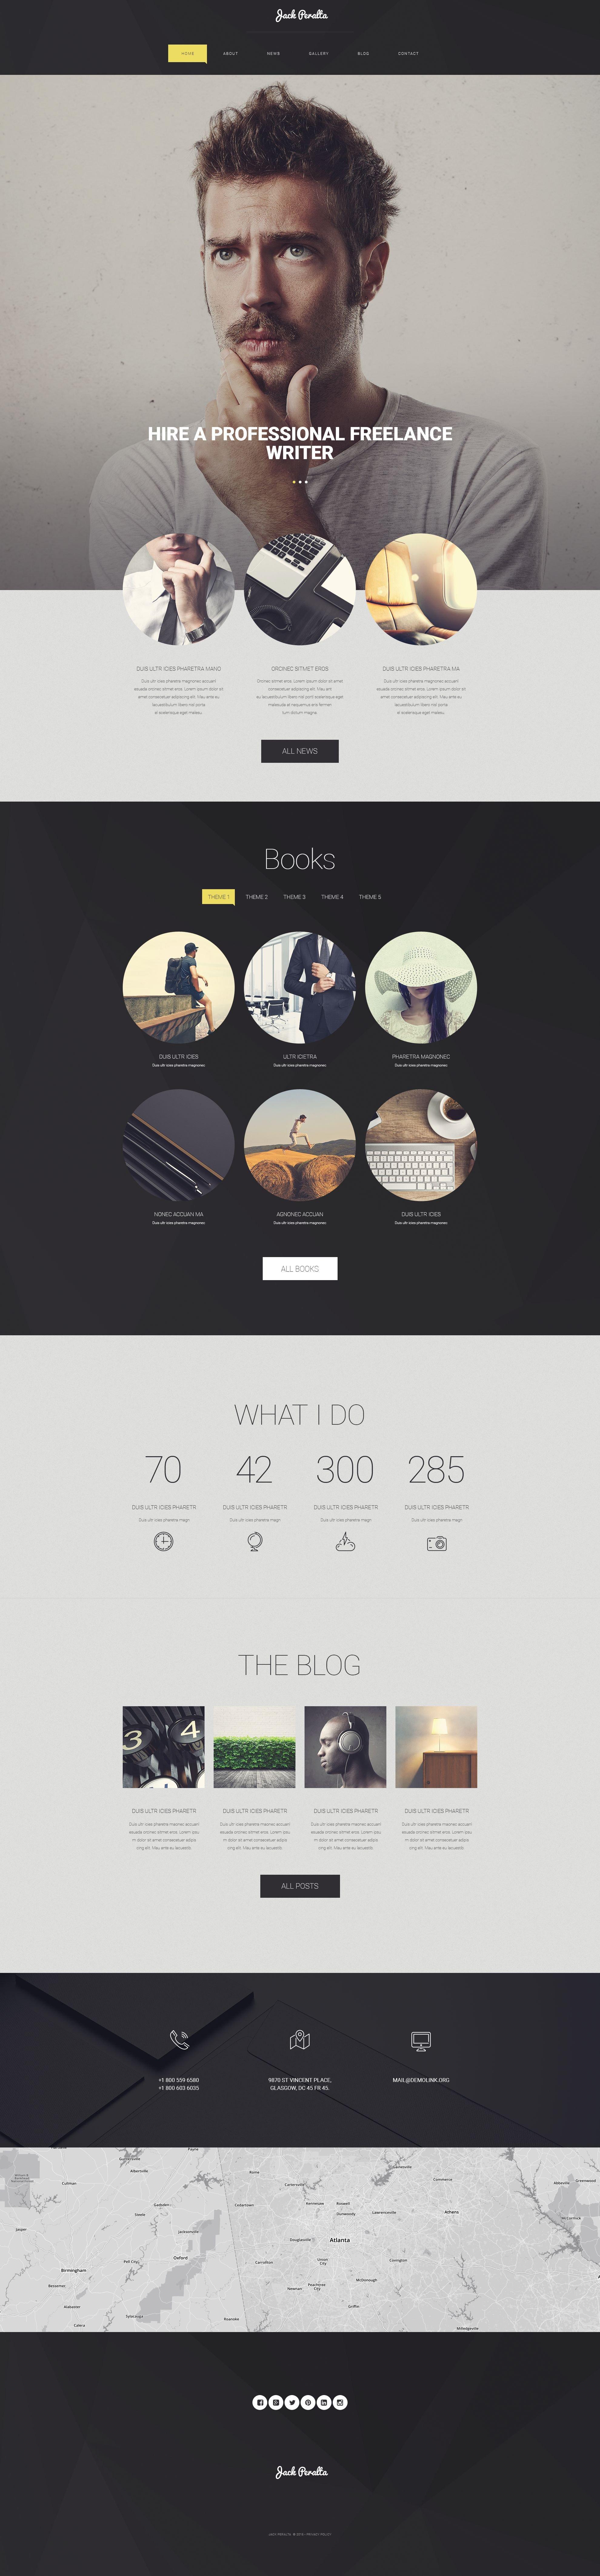 """Responzivní WordPress motiv """"Freelancer spisovatel"""" #54585 - screenshot"""
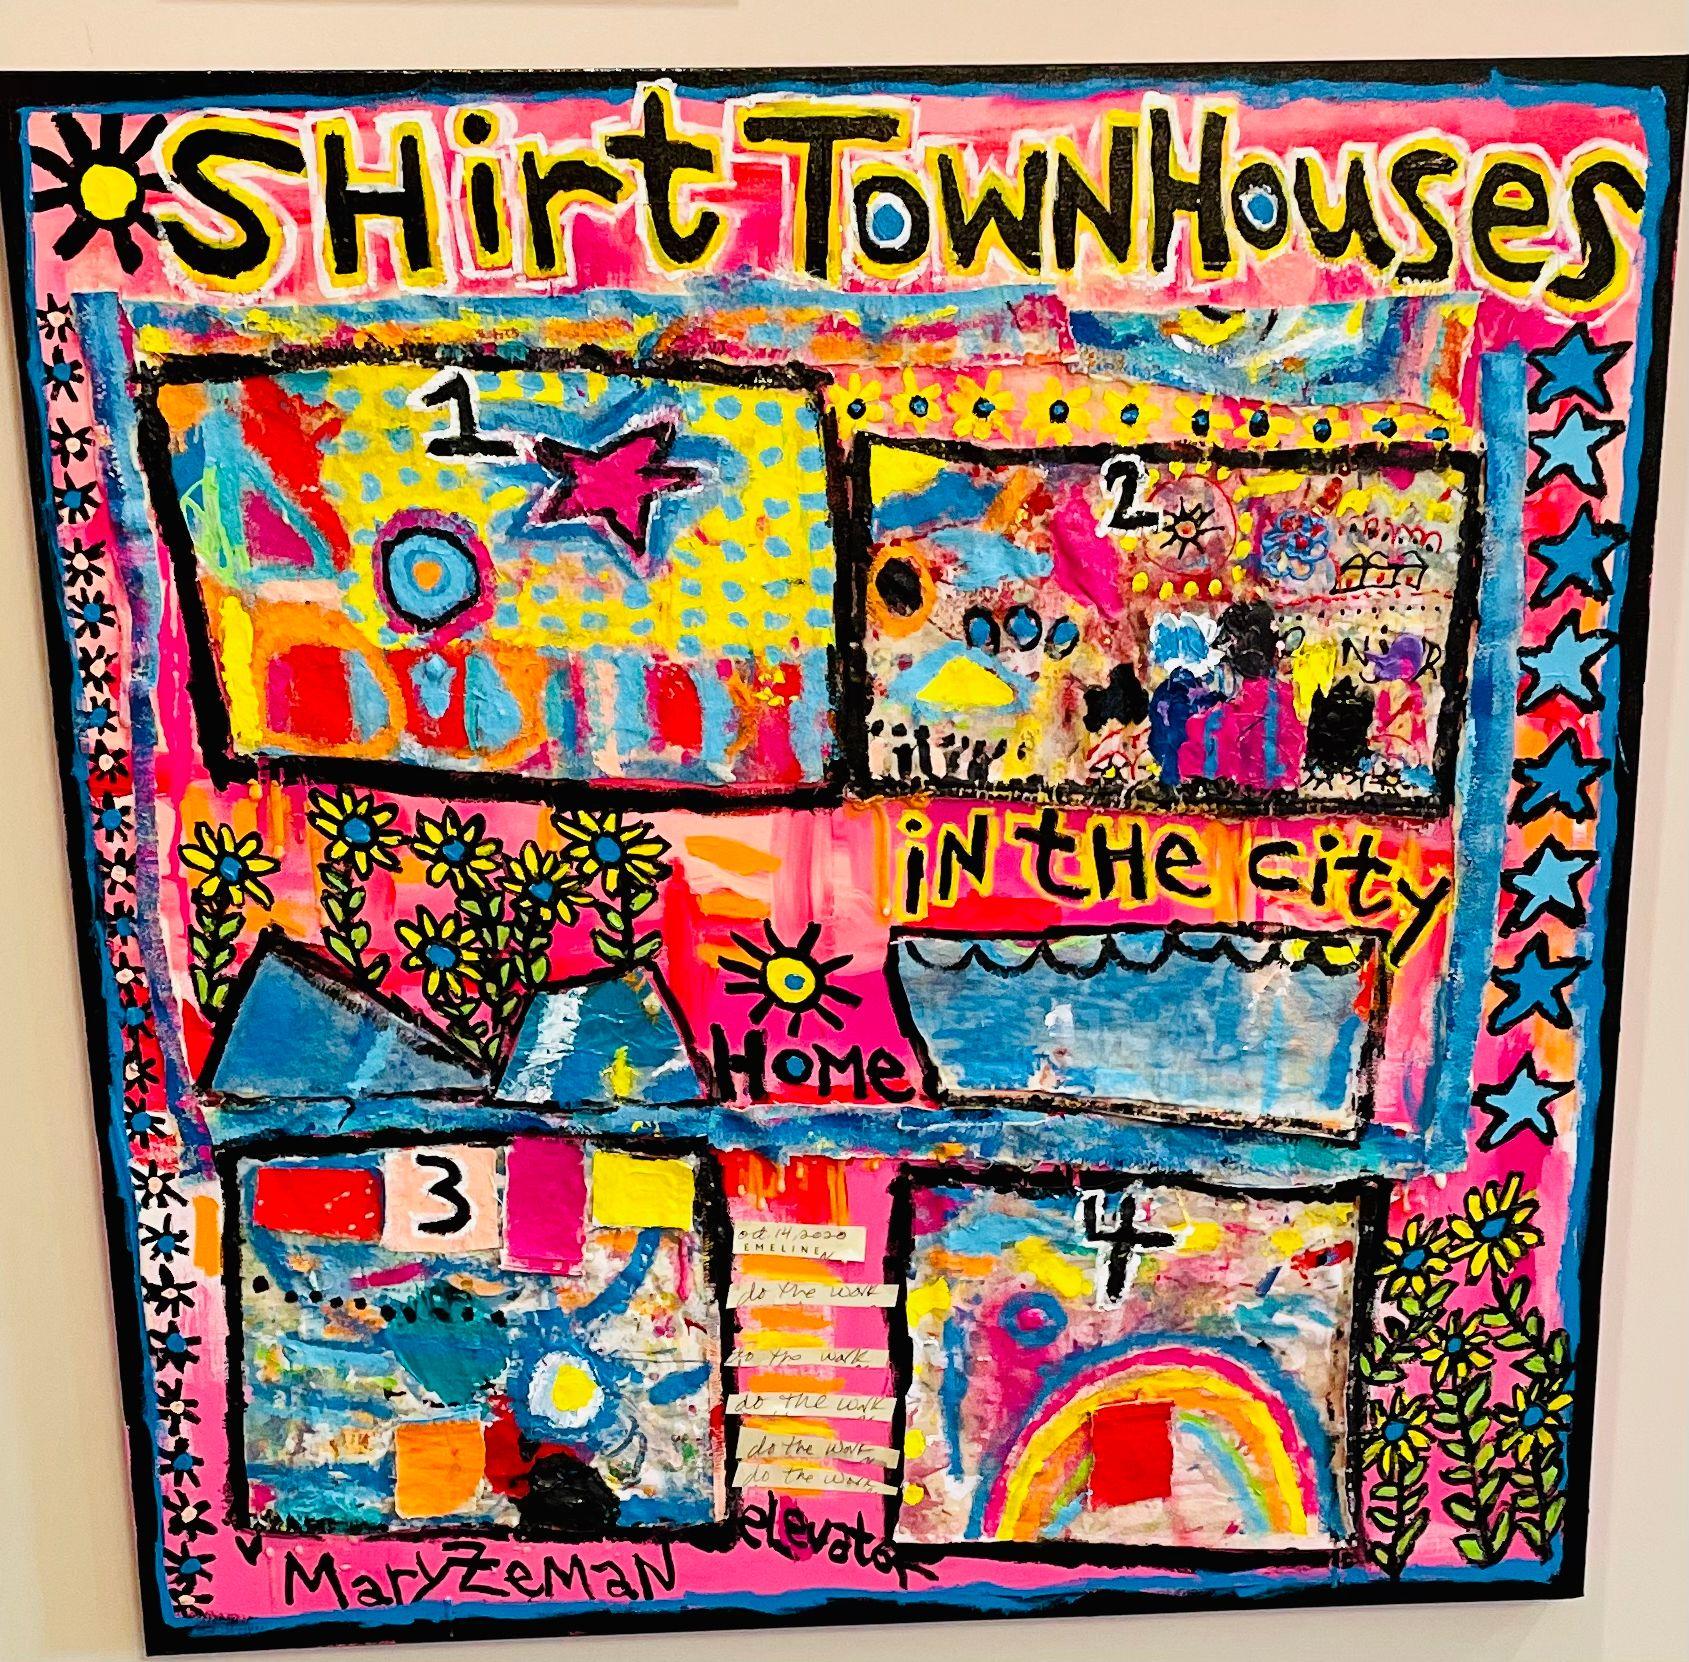 newshirthouses
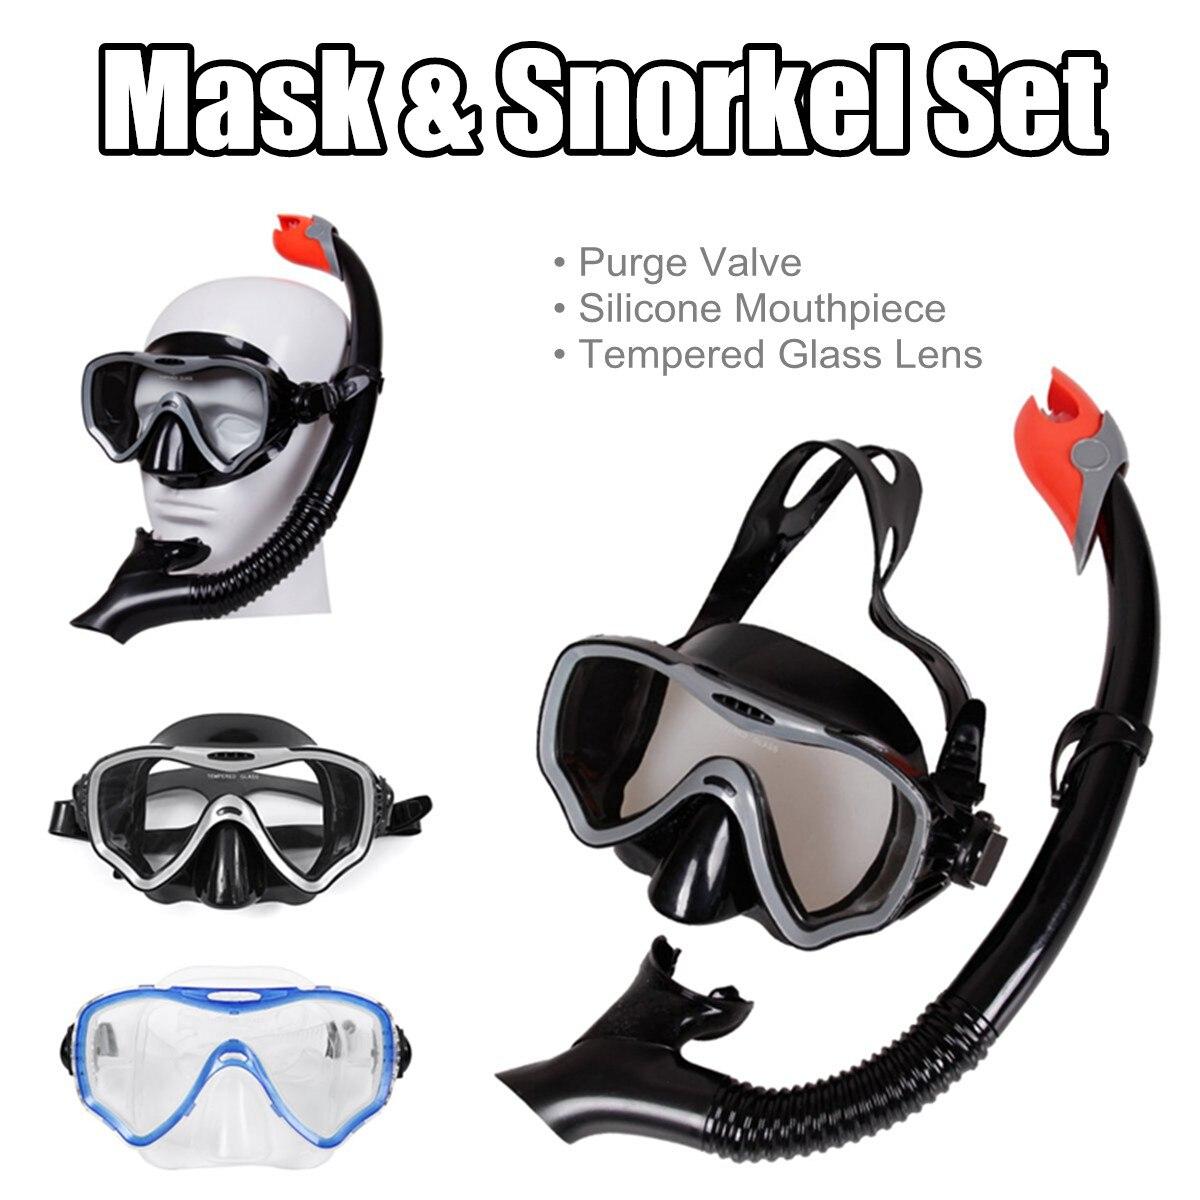 Adattabile Professionale Scuba Diving Maschera E Vetro Temperato Boccagli Anti-nebbia Occhiali Occhiali Da Nuoto Immersioni Facile Breath Tubo Set Di 2 Colore
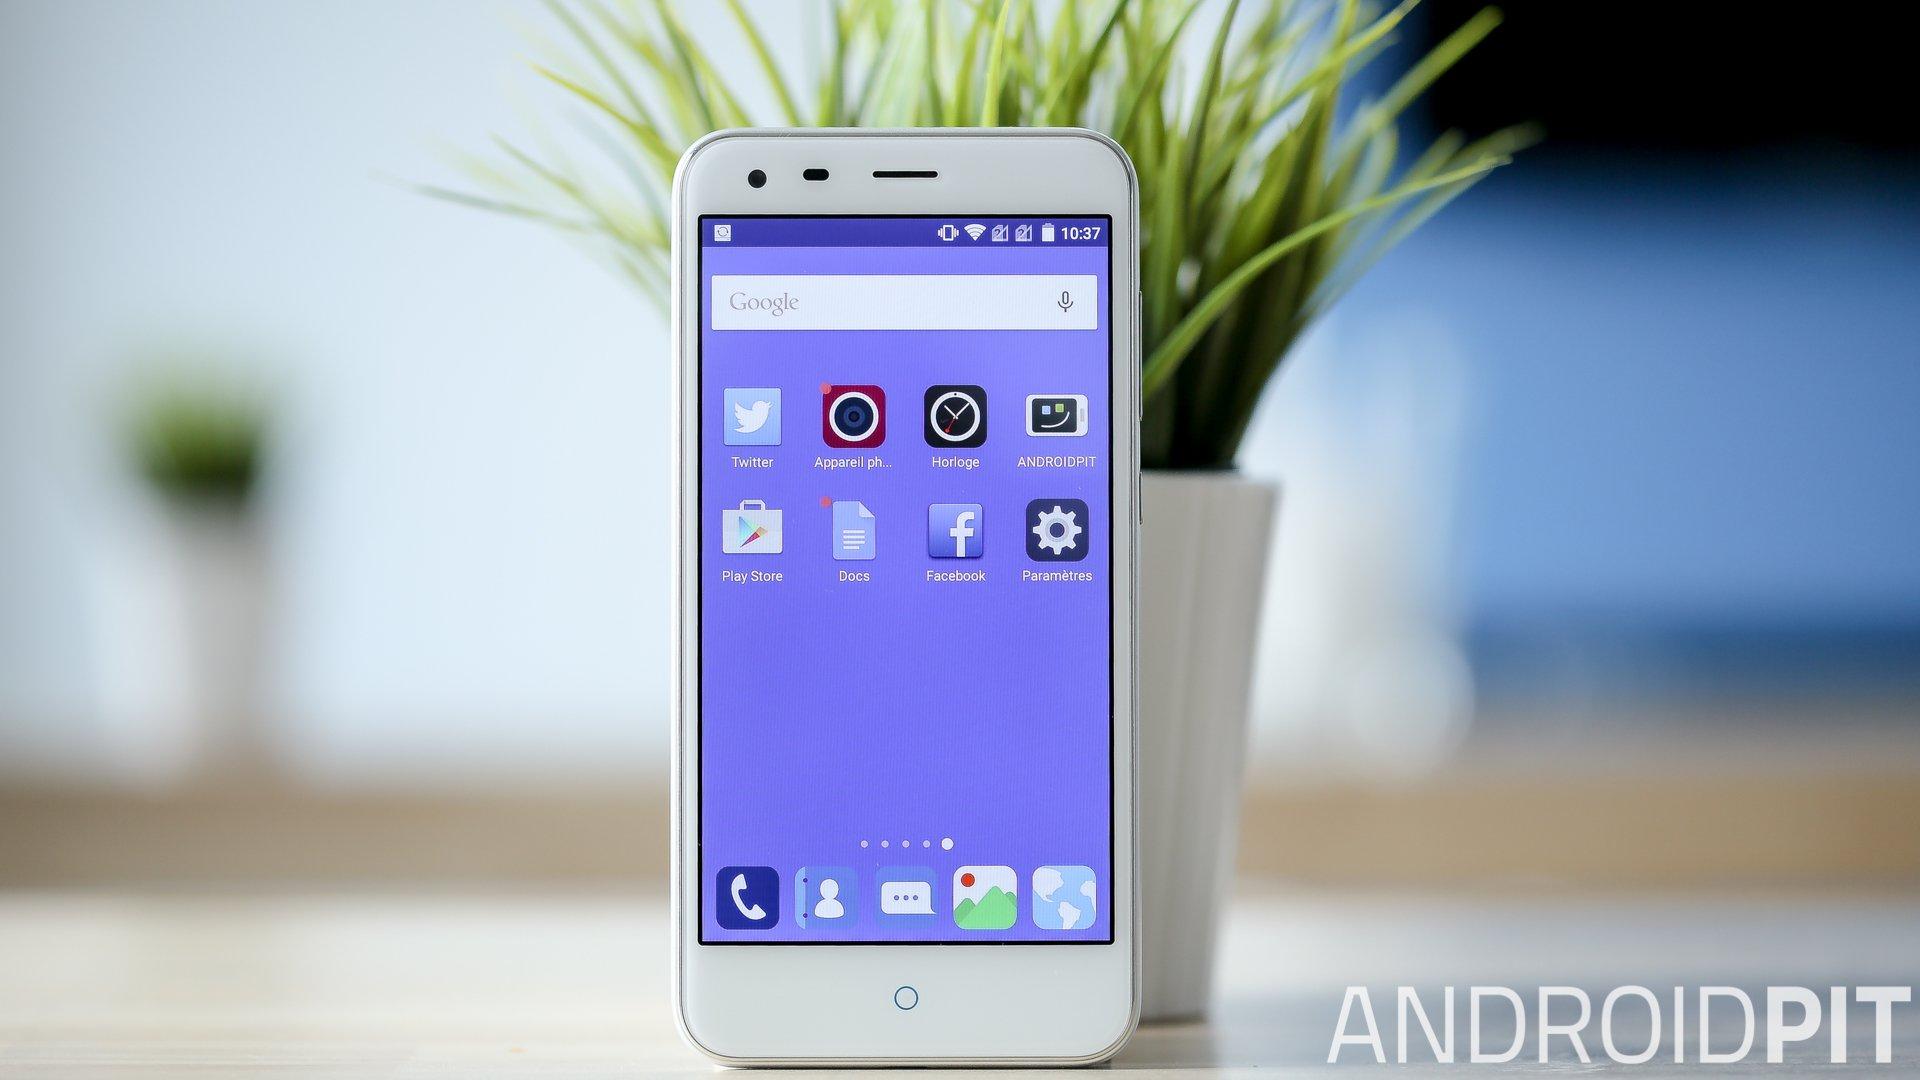 Le 5 migliori app android per fare la spesa androidpit for App per progettare casa android

◇ ◇ ◇

How to complete this task → Reproduce the whole listing above word for word, dropping each image.

Written answer →
 """Responzivní WordPress motiv """"Freelancer spisovatel"""" #54585 - screenshot"""
 newshirthouses
 Adattabile Professionale Scuba Diving Maschera E Vetro Temperato Boccagli Anti-nebbia Occhiali Occhiali Da Nuoto Immersioni Facile Breath Tubo Set Di 2 Colore
 Le 5 migliori app android per fare la spesa androidpit for App per progettare casa android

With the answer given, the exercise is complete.